Organizers of the second effort to recall Gascón — a first attempt last year also failed to receive enough signatures — had blasted the DA’s policies as “soft on crime” and argued that it was necessary to recall him to “keep communities safe.”

When Gascón took office in December 2020, he vowed to stop prosecuting juveniles as adults or pursuing sentences of life in prison without parole. However, he later said he would review the specific circumstances of each case before making a judgment.

Gascón has been widely criticized for his handling of the case of Hannah Tubbs, a 26-year-old transgender woman who was sentenced to just two years in a juvenile facility for sexually assaulting a 10-year-old girl.

The DA himself acknowledged earlier this year that he may not have properly handled the case.

“While for most people several years of jail time is adequate, it may not be for Ms.

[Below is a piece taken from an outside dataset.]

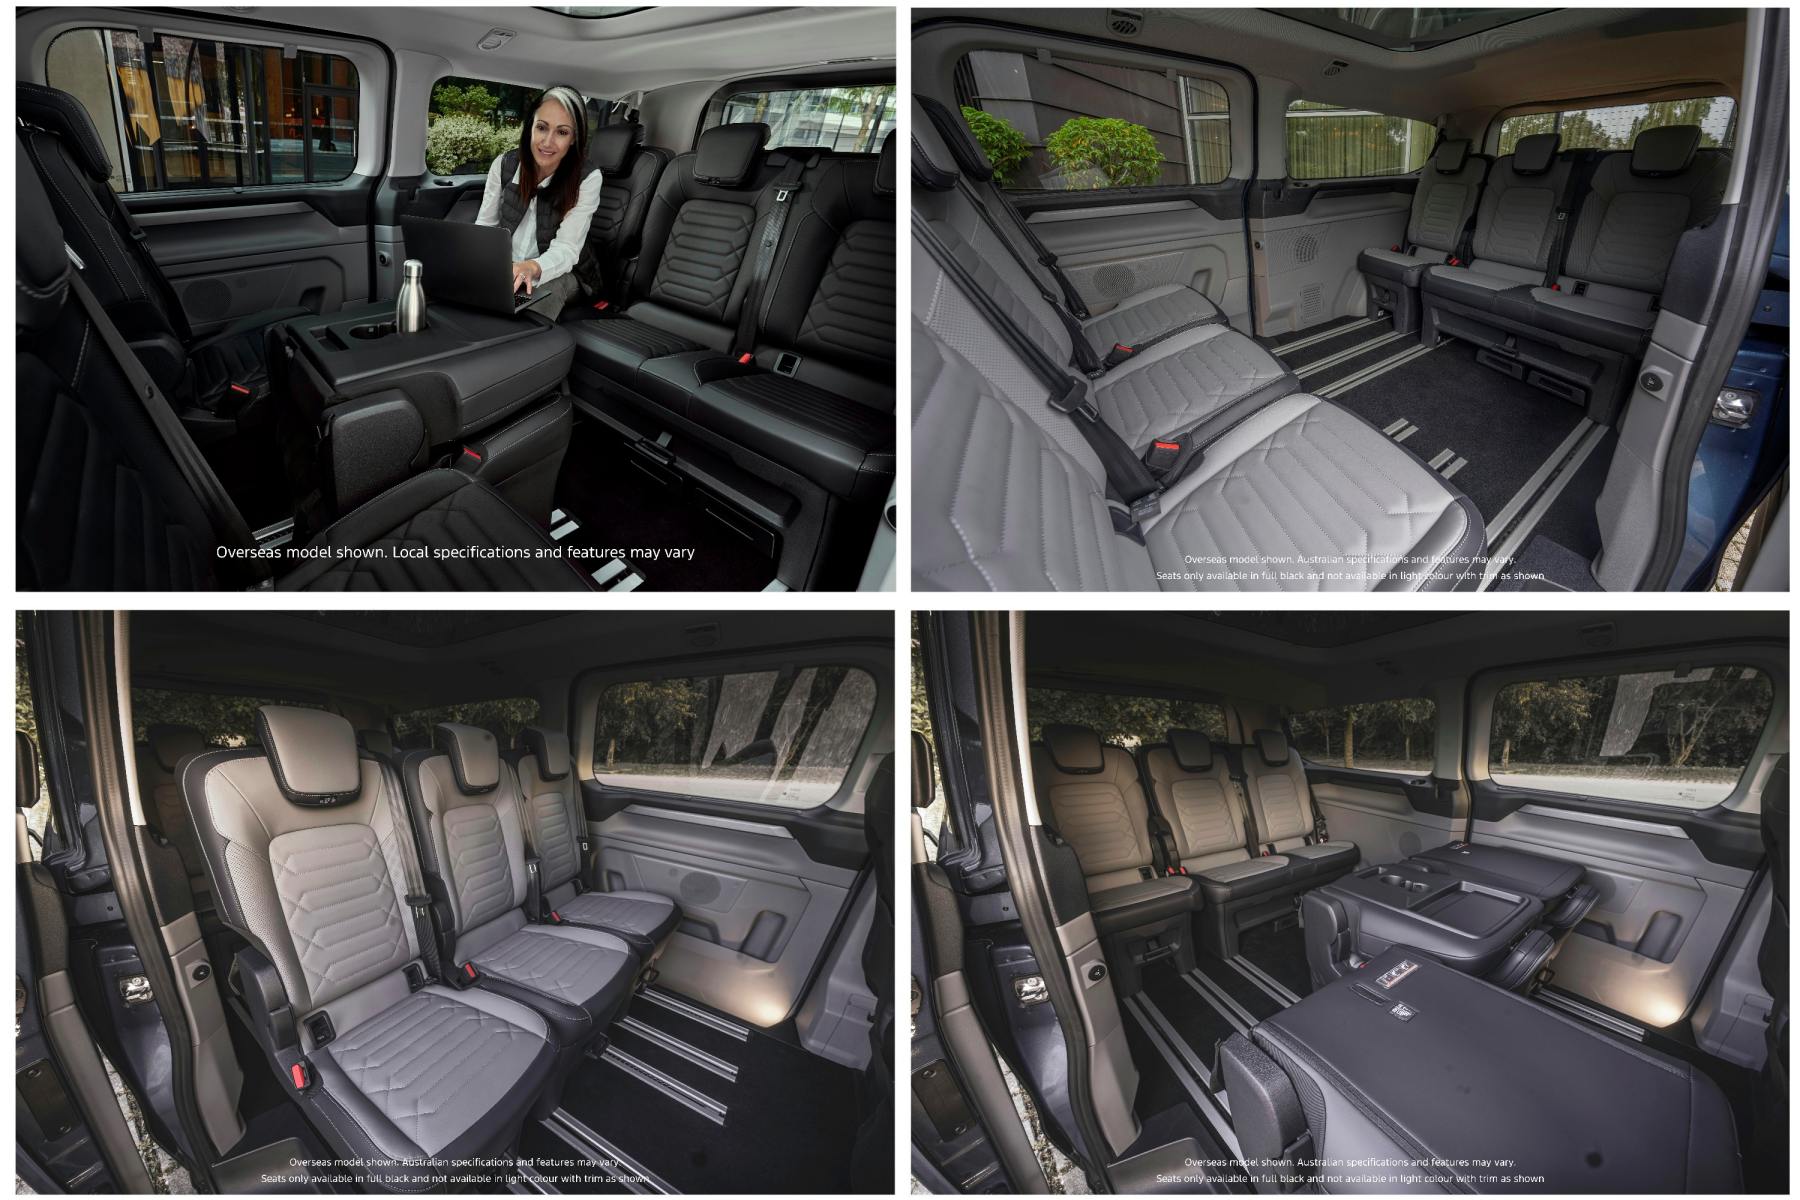 Ford Tourneo TitaniumX internal seat layout 4 pic collage

Tubbs,” the progressive DA said in a statement, adding that he may have handled Tubbs’s case differently if he knew about the molester’s “disregard for the harm” committed against the young victim.

“After her sentencing in our case, I became aware of extremely troubling statements she made about her case, the resolution of it and the young girl that she harmed,” he added.

Fox News obtained jailhouse recordings of Tubbs’s speaking with Tubbs’s father in which the molester laughs about the lack of consequences for the crime.

The conversations also include “explicit remarks about the victim that are unfit to print,” according to the report.

Los Angeles County sheriff Alex Villanueva told Fox News in May that his office presented 13,238 cases that the district attorney’s office ultimately declined to prosecute under Gascón’s new soft-on-crime special directives.

“Astonishing number of cases,” Villanueva told the outlet. “These are people that did bad things that left a victim, have the evidence presented and they said ‘don’t bother.’”

“There’s no deterrence in this current scheme,” Villanueva said. “We have to have teeth in what we’re doing.”

“The deputies are going to continue doing their job, they make the arrests, they’ll write the reports, but then what happens after it’s submitted to the D.A is where it all falls apart,” he added.

Villanueva said his department does not have a working relationship with the DA’s office and that he has never met Gascón in public, having only ever had one phone call with him.